The EU competition rules: Articles 81 and 82
The main European competition rules are laid down in Articles 81 and 82 of the EU Treaty. The two provisions can affect IP rights-holders in different ways. Article 81 is primarily aimed at cartels and other anti-competitive, joint behaviour, but it can catch all kinds of agreements and business transactions entered into by companies. Article 81(1)(b) expressly prohibits agreements between companies that limit or control “production, markets, technical development or investment”. Article 82 prohibits undertakings with a dominant position on a particular market from conducting themselves in a way that constitutes an abuse of their market power. It is aimed at unilateral conduct by dominant firms with substantial market shares. Article 82(b) specifically lists the limiting of production, markets or technical development to the detriment of consumers as ways in which a dominant position may be abused.
Article 82 - special responsibility
Underlying Article 82 is the assumption that the behaviour of monopolists should be subject to clear and strict competition rules, based on the premise that the mere presence of a dominant undertaking on the market has already weakened the competitive process and reduced the economic freedom of other undertakings, to the detriment of consumers. Where there is only one dominant undertaking on a market with several smaller, fragmented players, Article 82 imposes strictures on the way in which the dominant firm may conduct itself, with the aim of maintaining what little competition remains on a market that is dominated by one main player.
Commission v Microsoft
The decision of 24 March 2004
Central to the EU case (and the notorious US antitrust case) was Microsoft’s very strong position on the market for PC operating systems. These deal with routine computing tasks such as memory allocation and controlling the operations of peripherals. Microsoft had - and continues to have - a very large market share of new PC operating system licences, with over 90% of the market since 2000. The Windows operating system has of course become the de facto standard for most PCs. The fact that Windows is ubiquitous undoubtedly confers upon Microsoft significant market power, but arguably consumers also benefit, because they get access to many different kinds of application software that have been written by software designers specifically to interface with the Windows operating system.
Windows Media Player – the tying abuse
According to the Commission, Microsoft had abused its dominant position on the PC operating systems market by integrating (or bundling) its Windows Media Player into its Windows operating system. This was categorised (in legal terms) by the Commission as a “tying” abuse under Article 82(d), i.e. the allegation was that Microsoft was making the availability of the Windows PC operating system conditional upon the simultaneous acquisition of Windows Media Player. The Commission claimed that if this practice was allowed to continue, it would lead to the progressive elimination of rival media players, since producers of compatible software and content knew that if they based their products on Microsoft’s Windows Media Player technology - rather than on competing technology - they would be able to reach almost all PC users. This would eventually lead to all consumers preferring Windows Media Player to other media players.

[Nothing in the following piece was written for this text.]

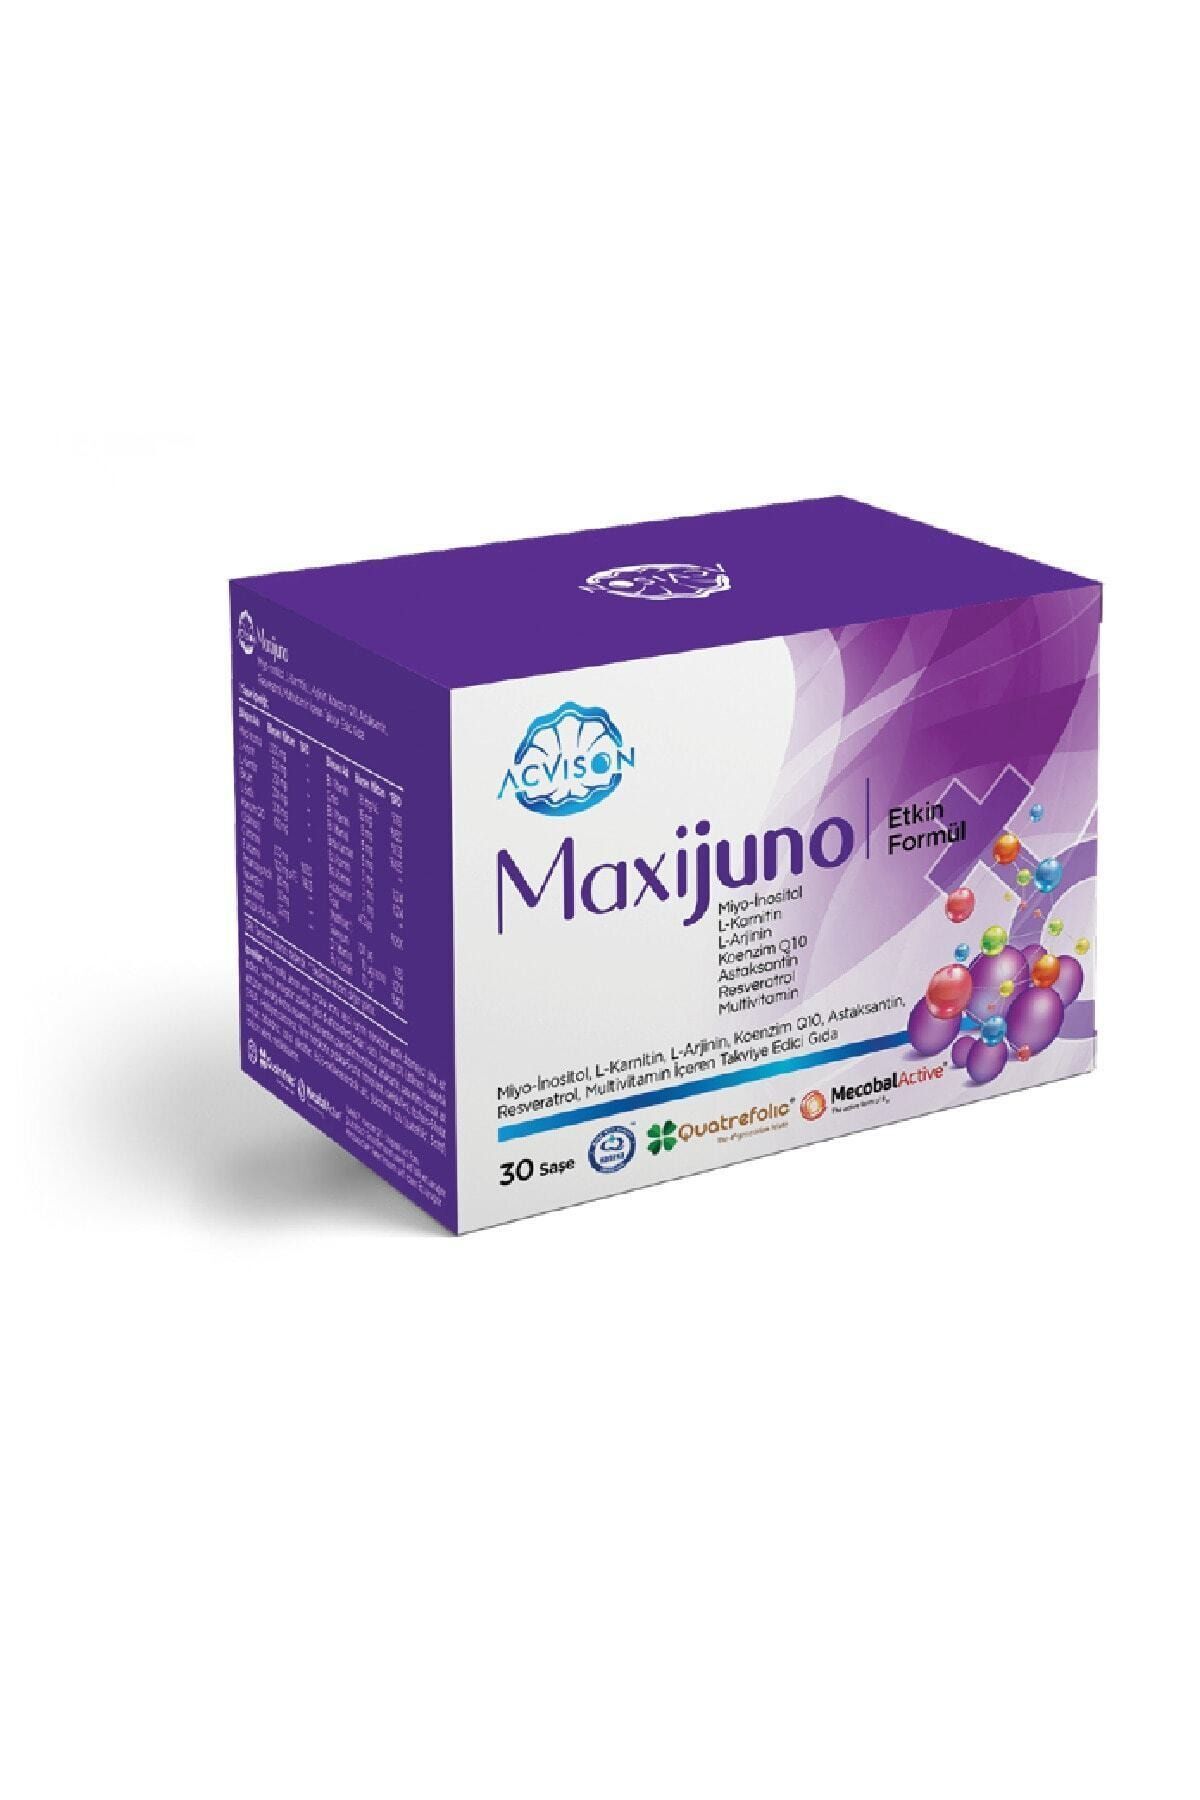 Acvison Maxijuno Kadınlara Özel Miyo-inositol L-arjinin L-karnitin Koenzim Q10 Içeren Multivitamin 30 Saşe

The remedy ordered by the Commission in this part of the case was to force Microsoft to offer its Windows PC operating system without a media player. This remedy was in itself a source of considerable debate, but it will not be addressed further in this paper, save to note that by the time of its appeal, Microsoft had already complied with this part of the Commission’s original decision. Before the CFI, Microsoft alleged that the Commission was forcing it to offer to consumers what was essentially a “degraded” version of its Windows PC operating system, but the CFI rejected this argument and upheld the remedy.
Work group server operating systems – the leveraging abuse
The interoperability part of the case concerned servers. At issue in the case were smaller servers that carry out basic tasks such as the management of communication between a network of PC users. The Commission referred to these as work group servers in its decision. In 1998, Sun Microsystems Inc. (“Sun”) had asked Microsoft to disclose interoperability information to allow Sun to make work group server operating systems that were compatible with the Windows environment and that could compete effectively with Microsoft’s Windows work group server operating systems. Microsoft refused. Sun complained to the European Commission.

The Commission investigated. It found that the proper functioning of a work group of PC users using Windows relied upon a technical architecture of client-to-server and server-to-server interconnections and interactions. The prevalence of the Windows operating system on the PCs of many work group networks gave Microsoft an in-built advantage over its competitors in the market for work group server operating systems, because it was in the best position to engineer the most efficient server software that could interact with Windows operating system software installed on most PCs. The Commission concluded that interoperability information was needed by those competitors of Microsoft that wanted to develop work group server operating systems that could function effectively within a network of PCs running a Windows PC operating system.

The Commission found as a matter of fact that reverse engineering of Windows was not viable. It examined the public availability of interface information, such as the disclosures made by Microsoft pursuant to its obligations under the settlement of the US antitrust litigation. These disclosures were made by Microsoft pursuant to its Communications Protocols Licensing Program, which began in September 2002. However, as the Commission pointed out in its decision, the information licensed under this program was limited to client-to-server communication protocols and not server-to-server protocols. The terms of the license agreement offered by Microsoft specifically exclude any use of the communications protocols for server-to-server communications. Thus, the interoperability information that companies such as Sun needed was only available from only one source – Microsoft.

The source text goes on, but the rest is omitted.